DATA PROVIDED START
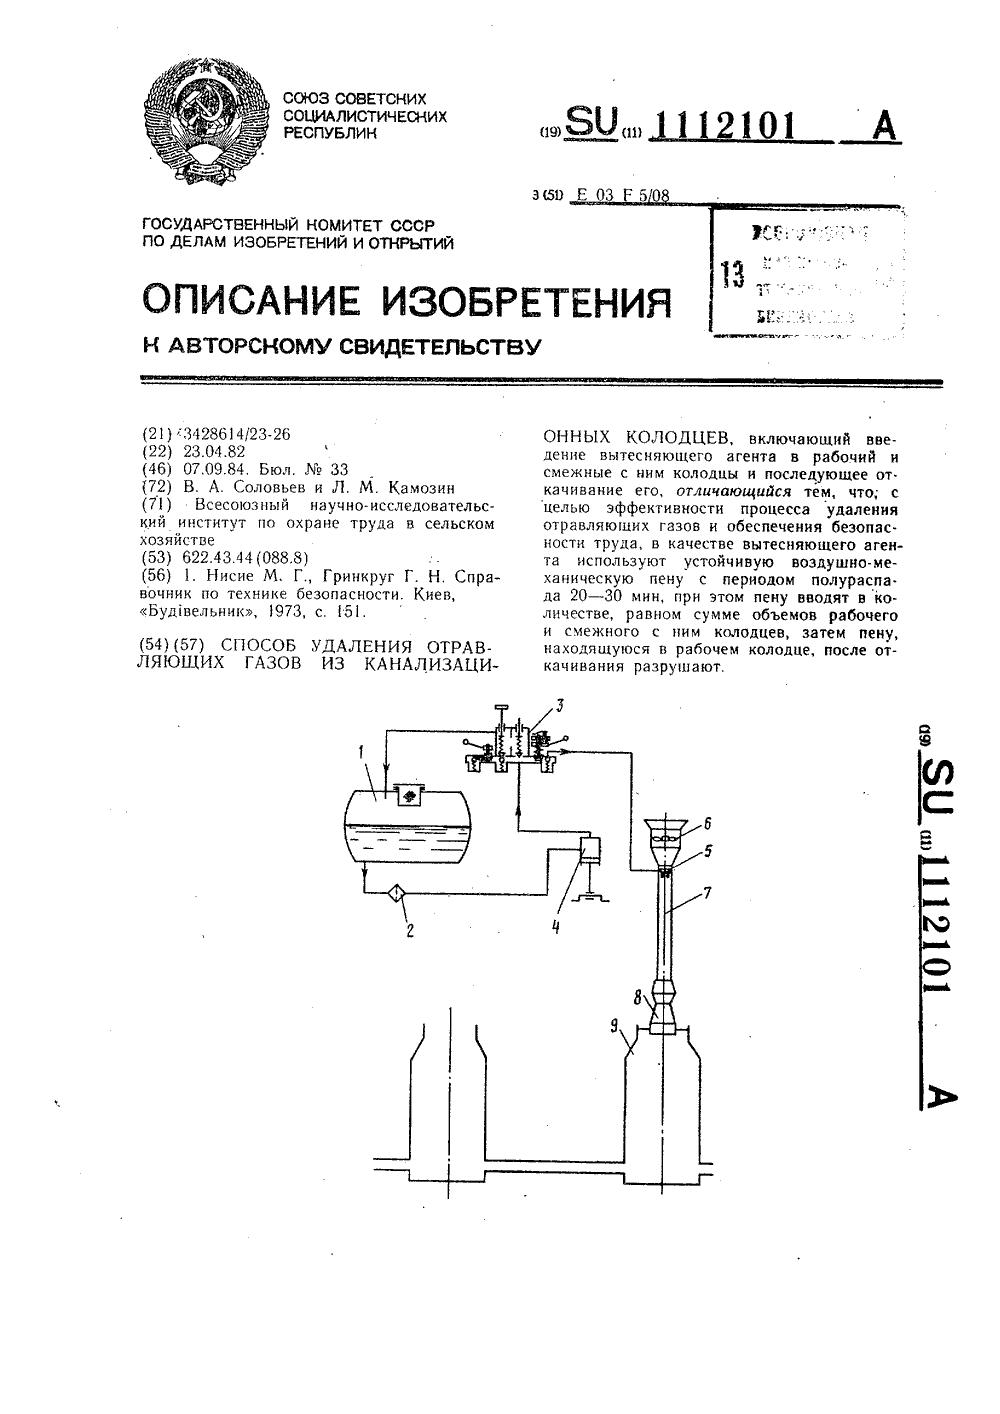 схема монтажа колодца дк-43
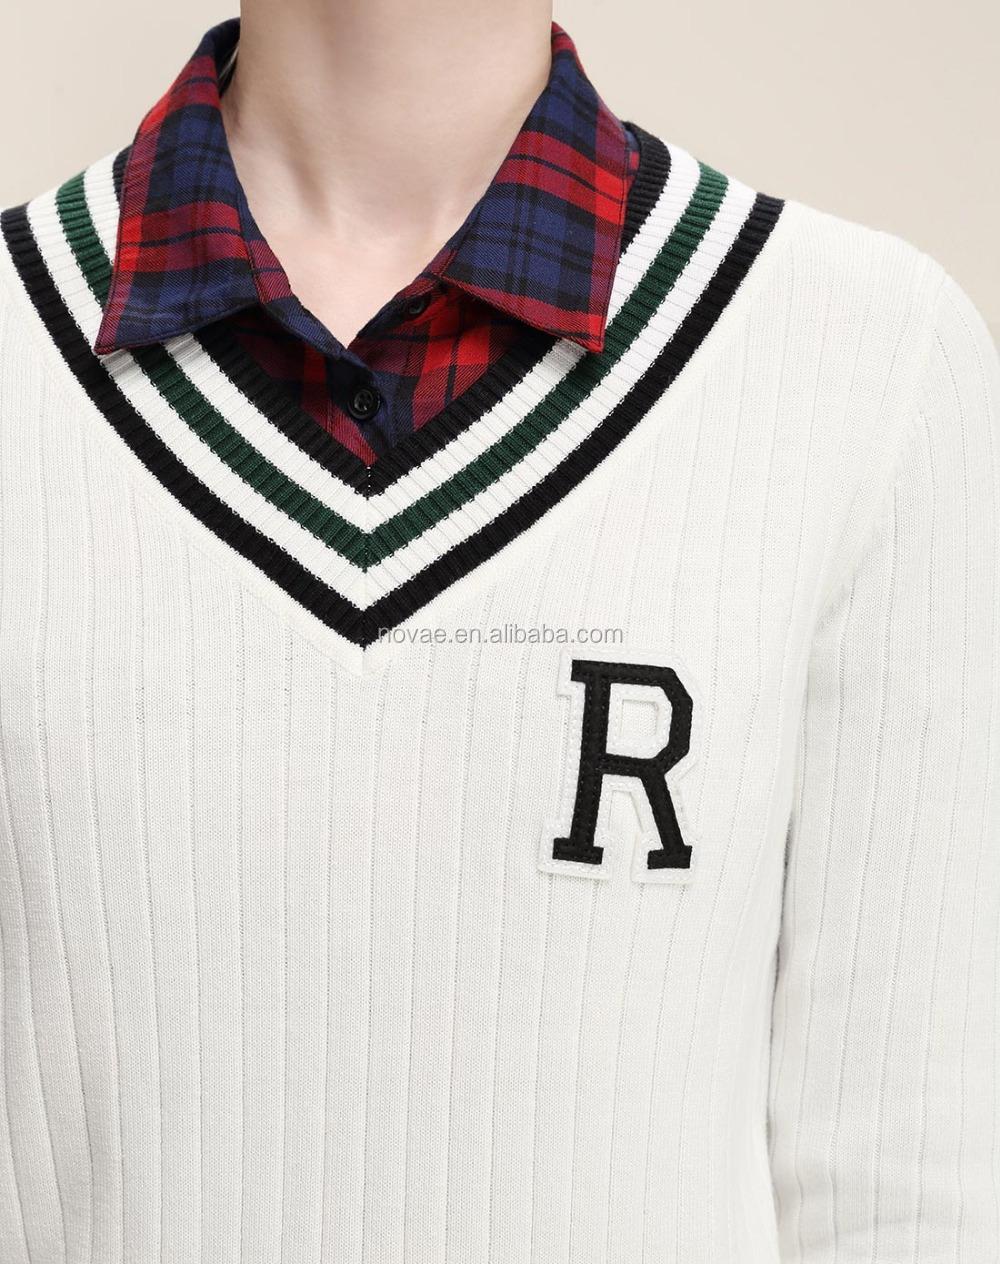 Ladies cotton knit clothing v neck shirt buy v neck t for 100 cotton v neck t shirts wholesale
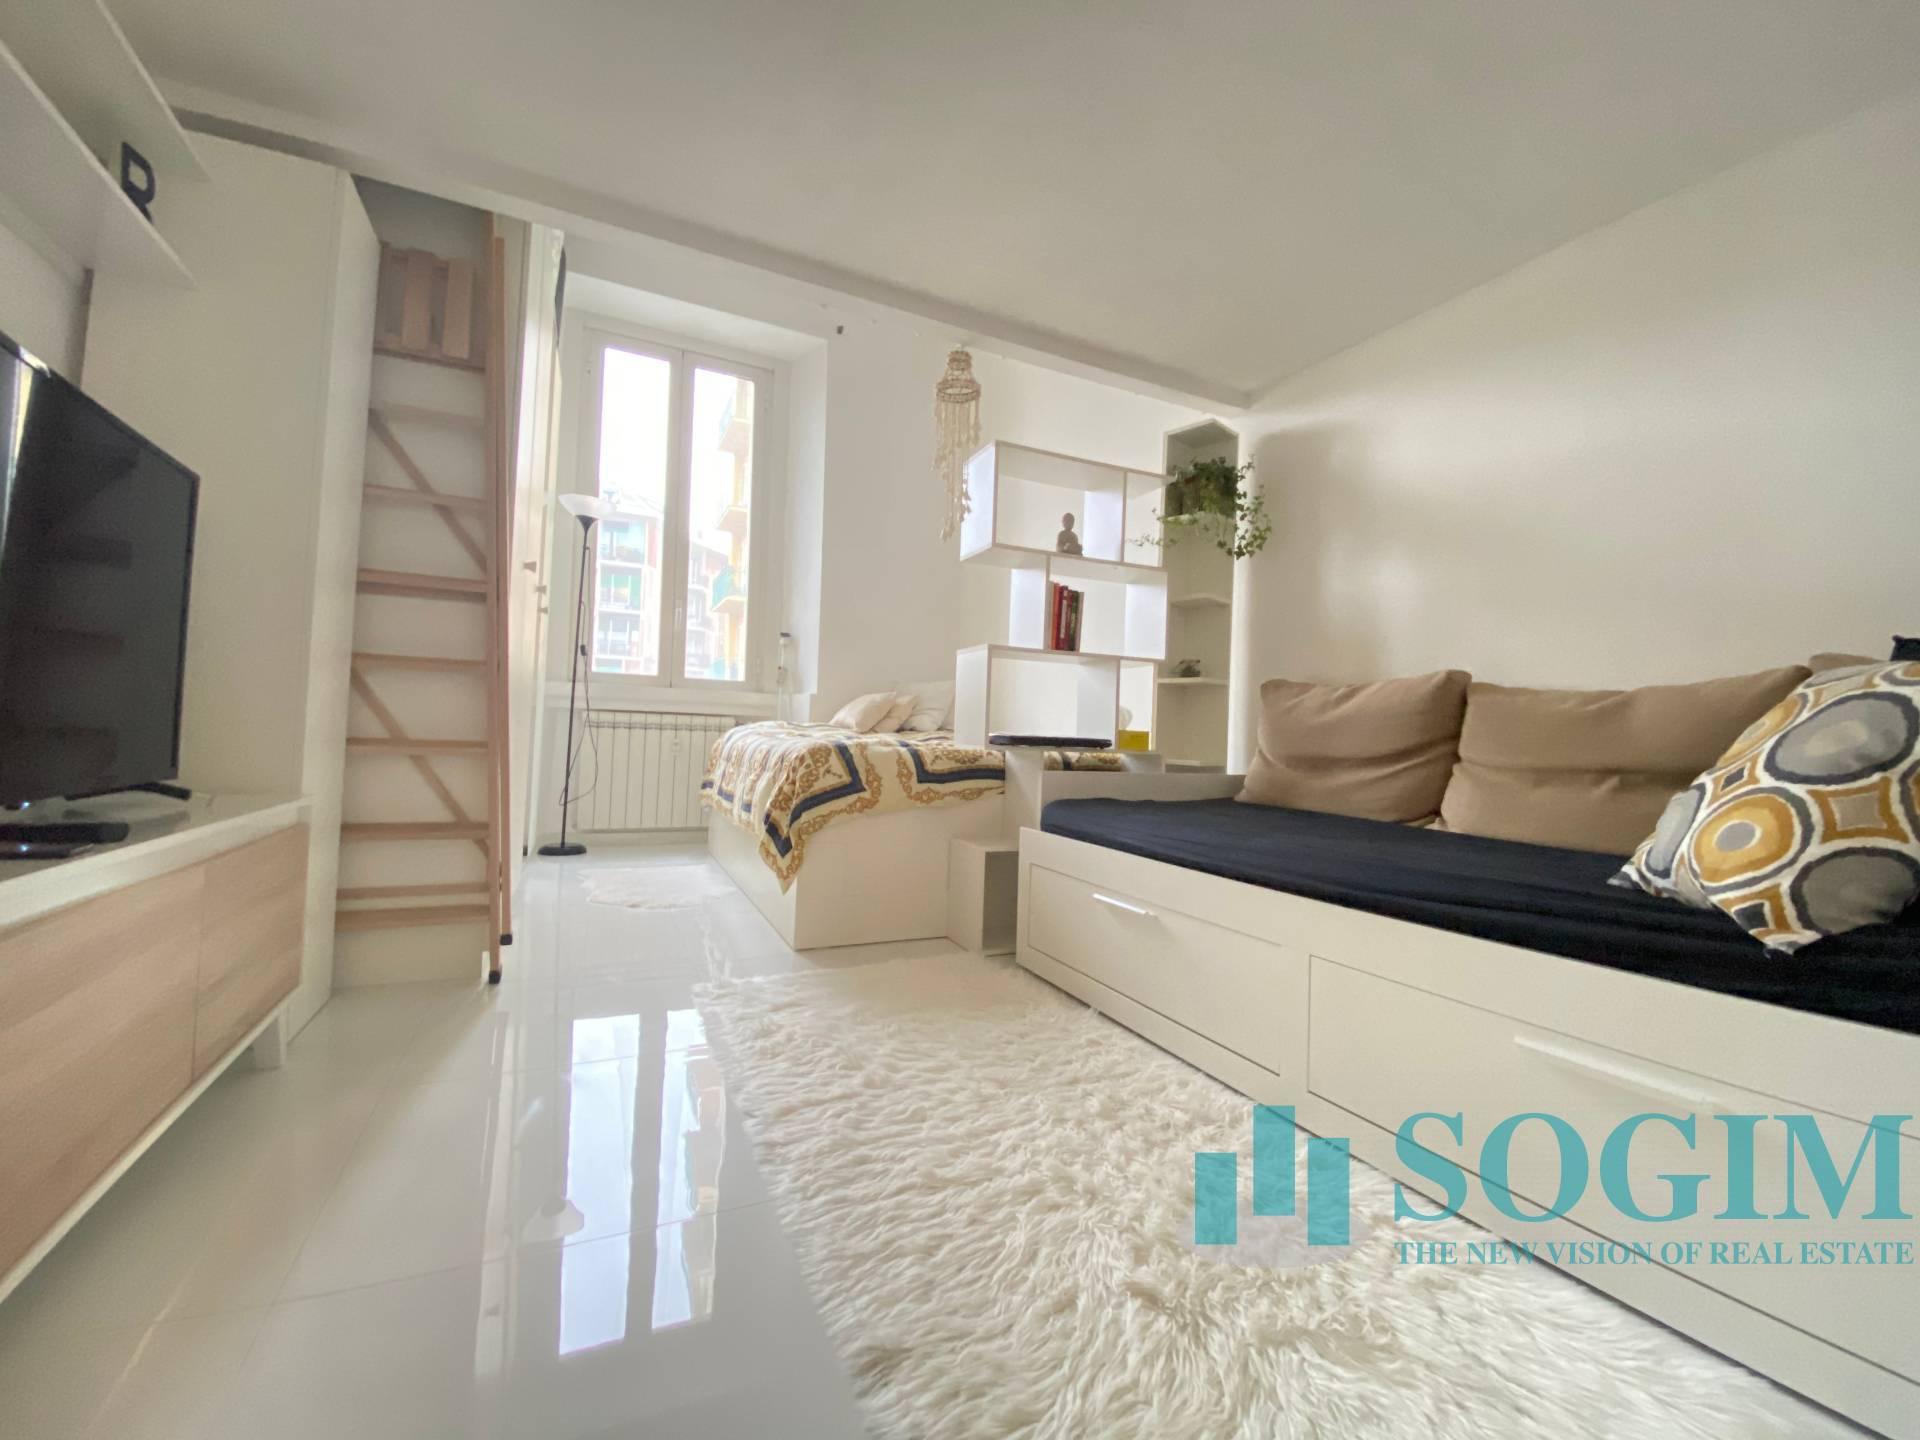 Appartamento in vendita a Sesto San Giovanni, 2 locali, prezzo € 114.000   PortaleAgenzieImmobiliari.it
DATA PROVIDED END
## YOUR GOAL
Omit each picture, then return all of the listing exactly as it stands.

## RESULT
 схема монтажа колодца дк-43
 Ladies cotton knit clothing v neck shirt buy v neck t for 100 cotton v neck t shirts wholesale
 Appartamento in vendita a Sesto San Giovanni, 2 locali, prezzo € 114.000   PortaleAgenzieImmobiliari.it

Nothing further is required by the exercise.